The oldest traces of a settlement in the area are scattered neolithic tools. During the second century AD, a Roman graveyard was built in the area. An Early Middle Ages cemetery shows that there was a settlement in the area and by the High Middle Ages at least three forts had been built in the area. The area was known as Interlacus by 1133 when Interlaken Monastery was founded on the opposite side of the Aare. Interlaken village grew up across from the Monastery in the following years. By 1239 it was known as villa Inderlappen and in 1280 it was civitas Inderlappen. The city of Unterseen was founded on 13 July 1279, when King Rudolf I von Habsburg granted Baron Berchtold III of Eschenbach-Oberhofen permission to build a stronghold between the two lakes. The name came from "unter," which in Middle High German meant "between", and "seen," which means "lake." The fortification was given Stadtrecht (town privileges) in this agreement. By 1281 Interlaken and Unterseen was mentioned collectively as stat ze Inderlappen oder Undersewen and in 1291 they were called Inderlappen, genant Undersewen.

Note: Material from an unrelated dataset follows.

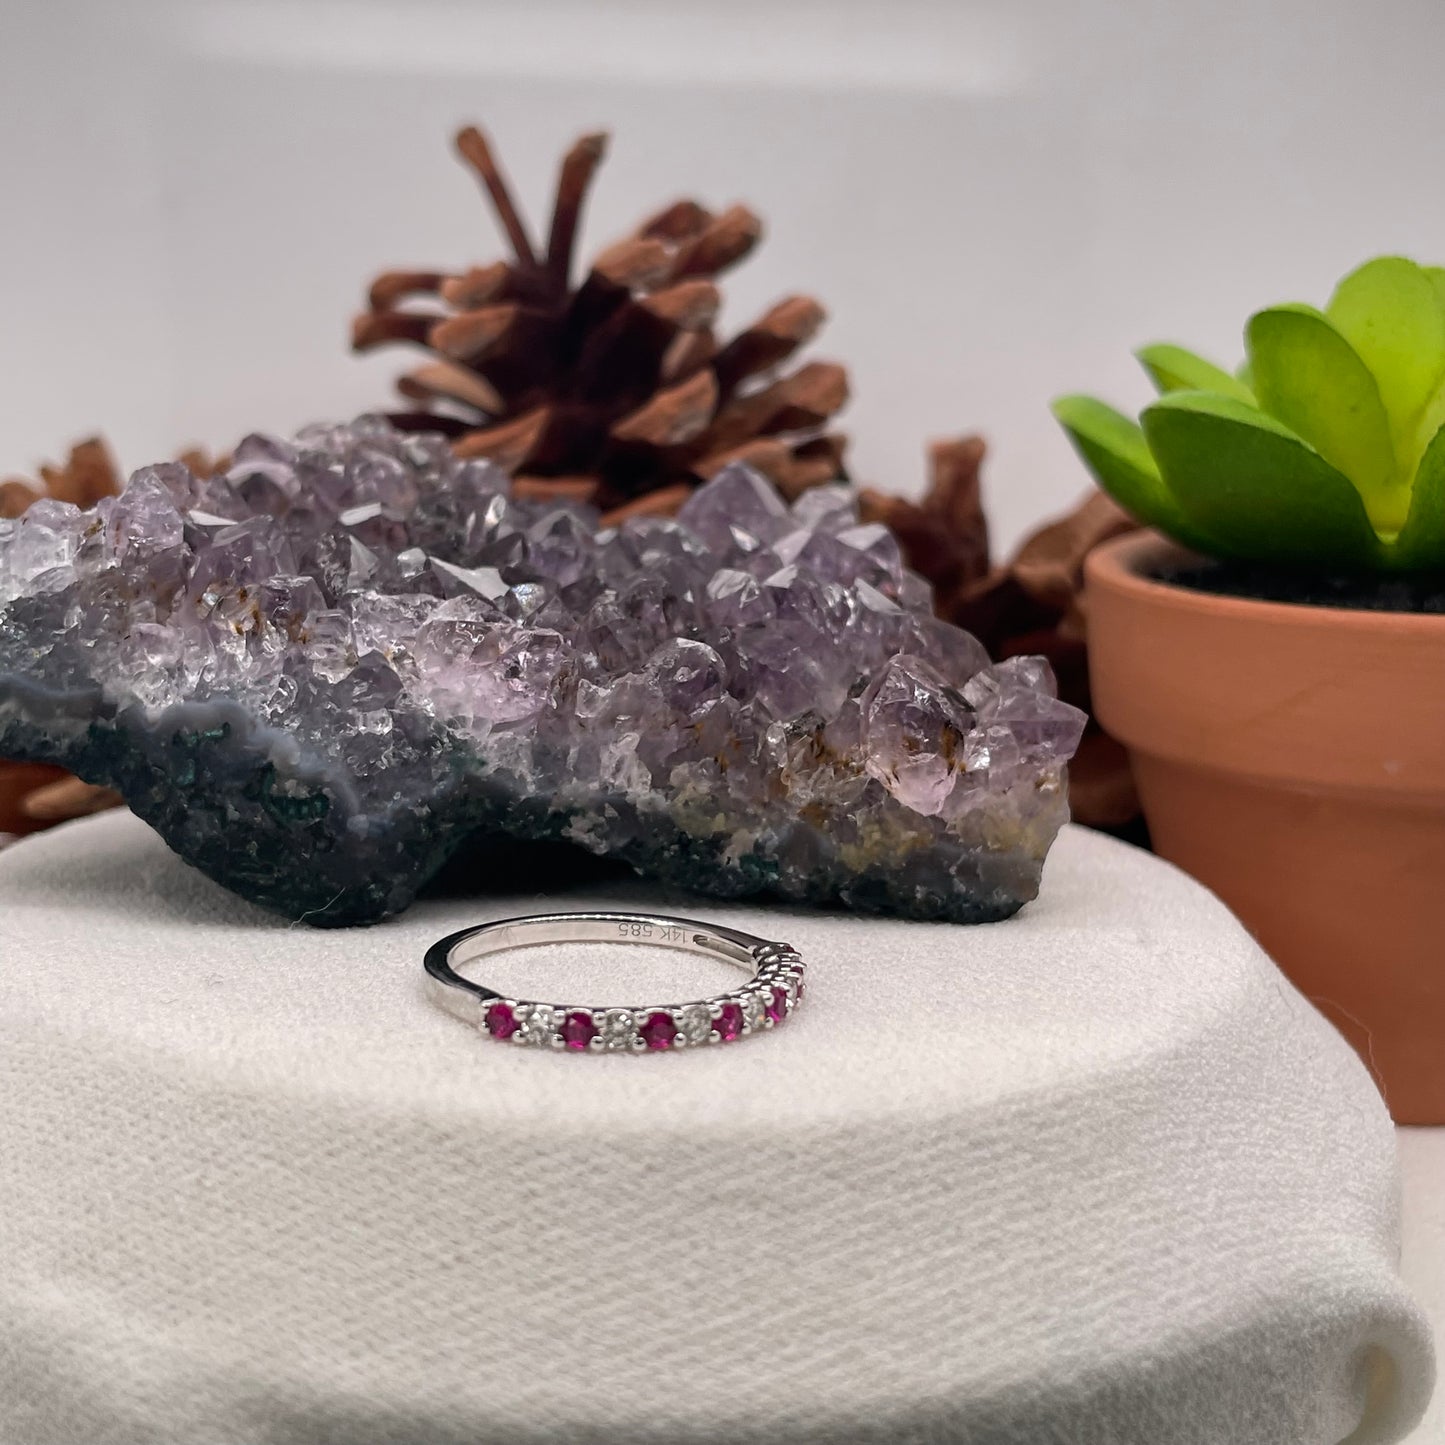 14K White Gold Ruby Ring with Diamond

It was built by the secular nobles of the area to limit the growing power of the Monastery and to control a bridge over the Aare. The young town was put in an ongoing conflict with the Interlaken Monastery and early on sought protection from Bern. After the Swiss Confederation's victory in the Battle of Sempach in 1386, the villages were brought under Bernese control and a Bernese bailiff was appointed.

During the Reformation the town turned against Interlaken Monastery and did not join the Berner Oberland uprising. As a result of their loyalty they were rewarded with the Alp Sefinen. In 1364, a fire broke out in the Monastery's mill. It spread to the village of Unterseen and destroyed much of it. In 1470 Unterseen was burnt down for the second time and Bern undertook the reconstruction with the town house in the center. A chapel was first mentioned in the village in 1353. It was rebuilt in 1470 following the fire. The current church building was built in 1852 after part of the older church collapsed.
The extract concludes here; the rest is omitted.